Begin your copy at the line that holds "Asus ROG G752VY" and carry it through the final line of the data, writing out each line exactly and omitting pictures.

_Supplied information_:
========

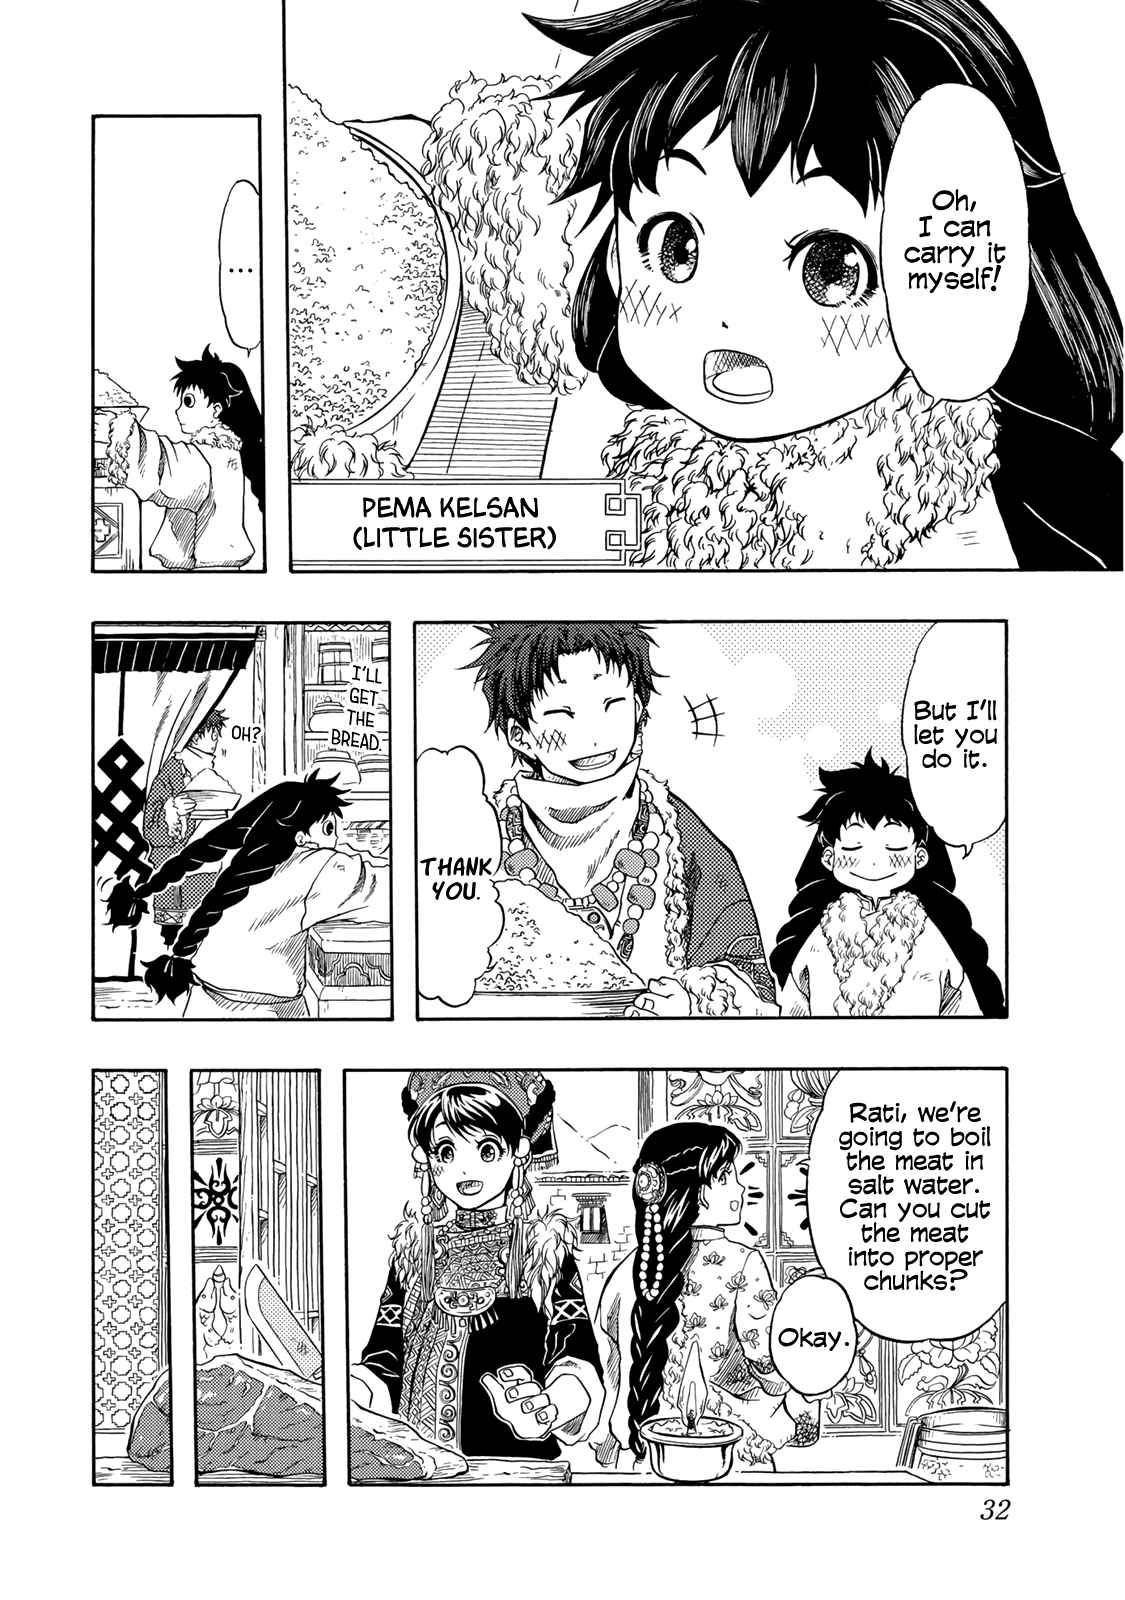 Tenju no Kuni Vol. 1 Ch. 1 A Bride From A Foreign Land
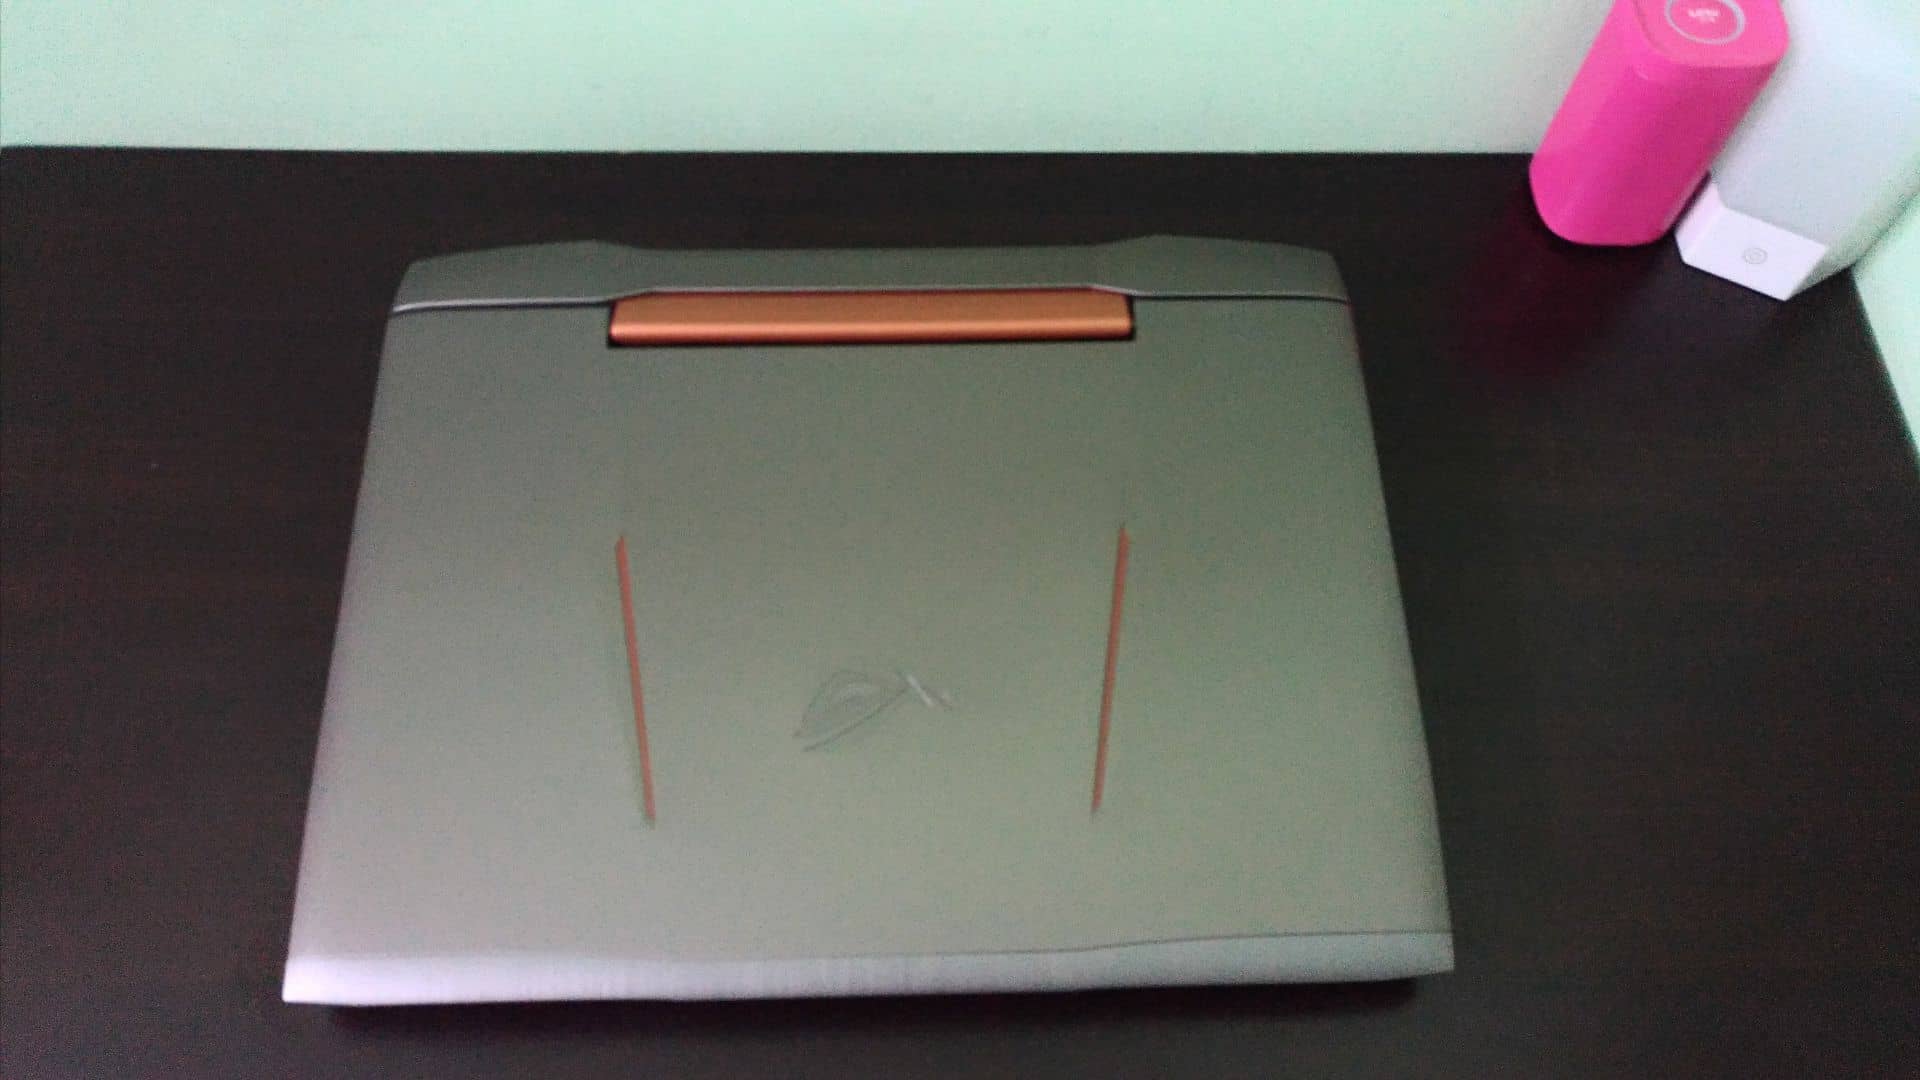 Asus ROG G752VY Review - The Mother and Father of All Gaming Notebooks! - 5
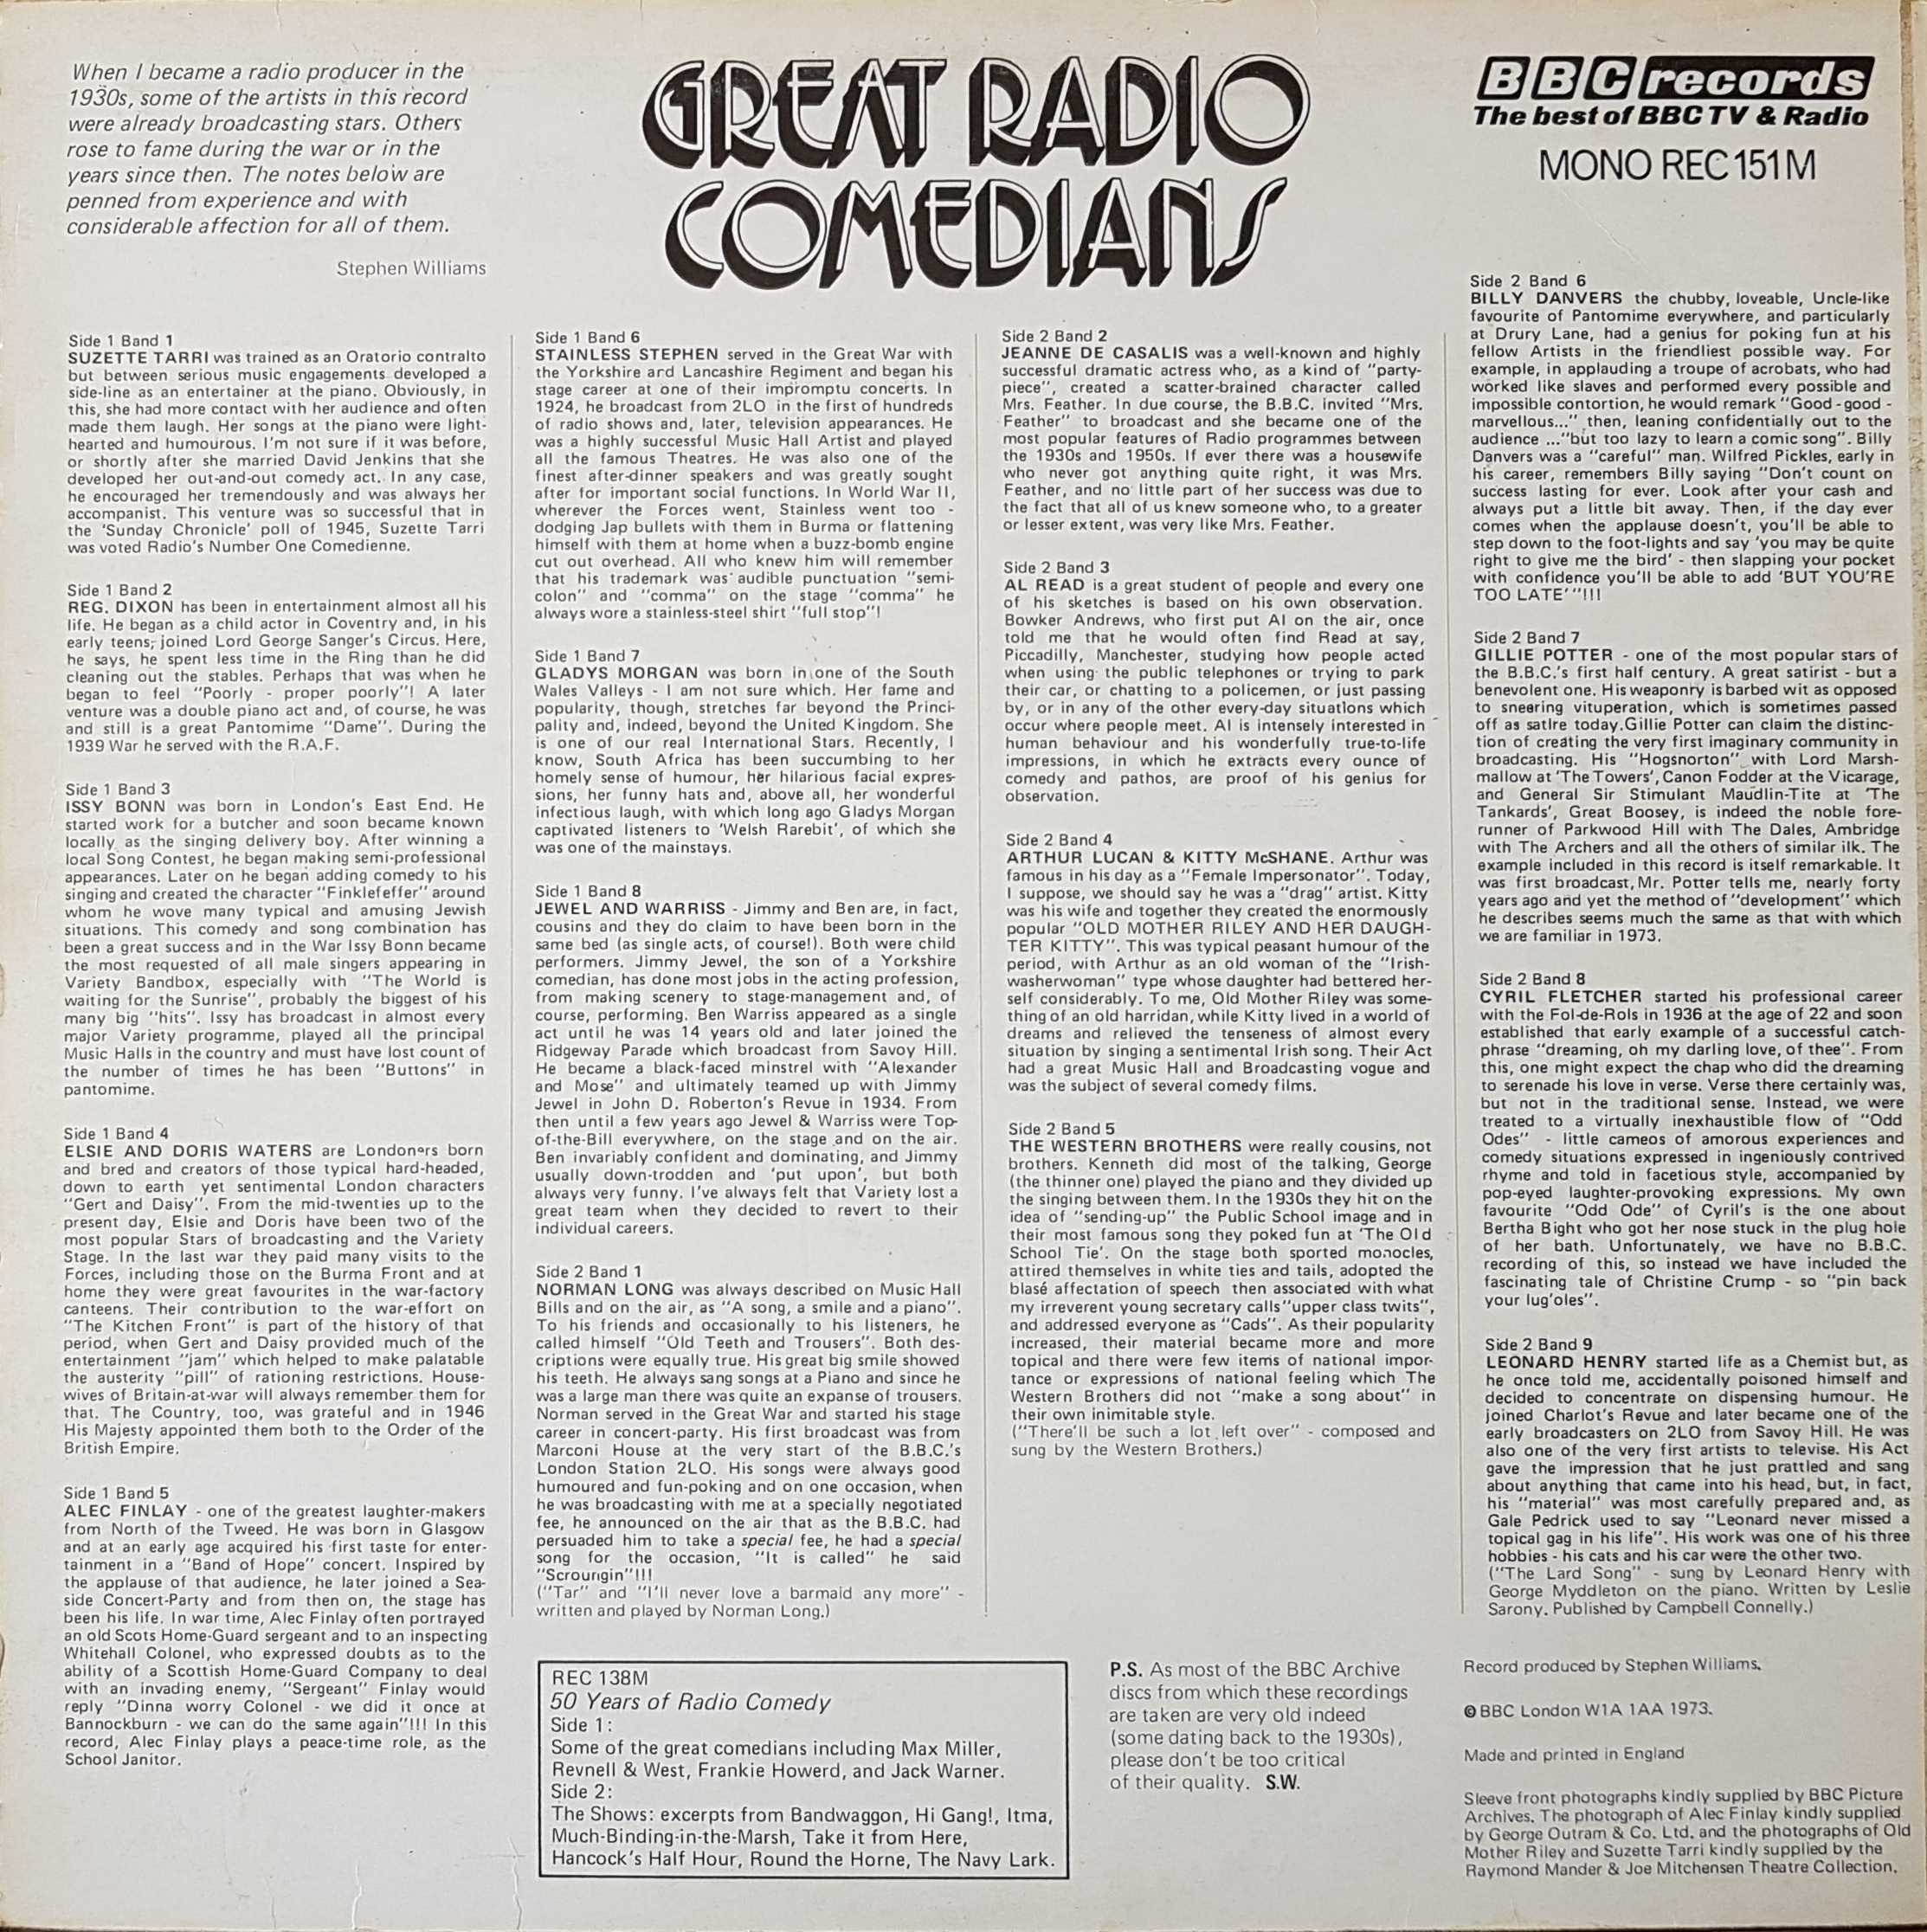 Picture of REC 151 Great radio comedians by artist Various from the BBC records and Tapes library

========

_Exercise solution_:
 Asus ROG G752VY Review - The Mother and Father of All Gaming Notebooks! - 5
 Picture of REC 151 Great radio comedians by artist Various from the BBC records and Tapes library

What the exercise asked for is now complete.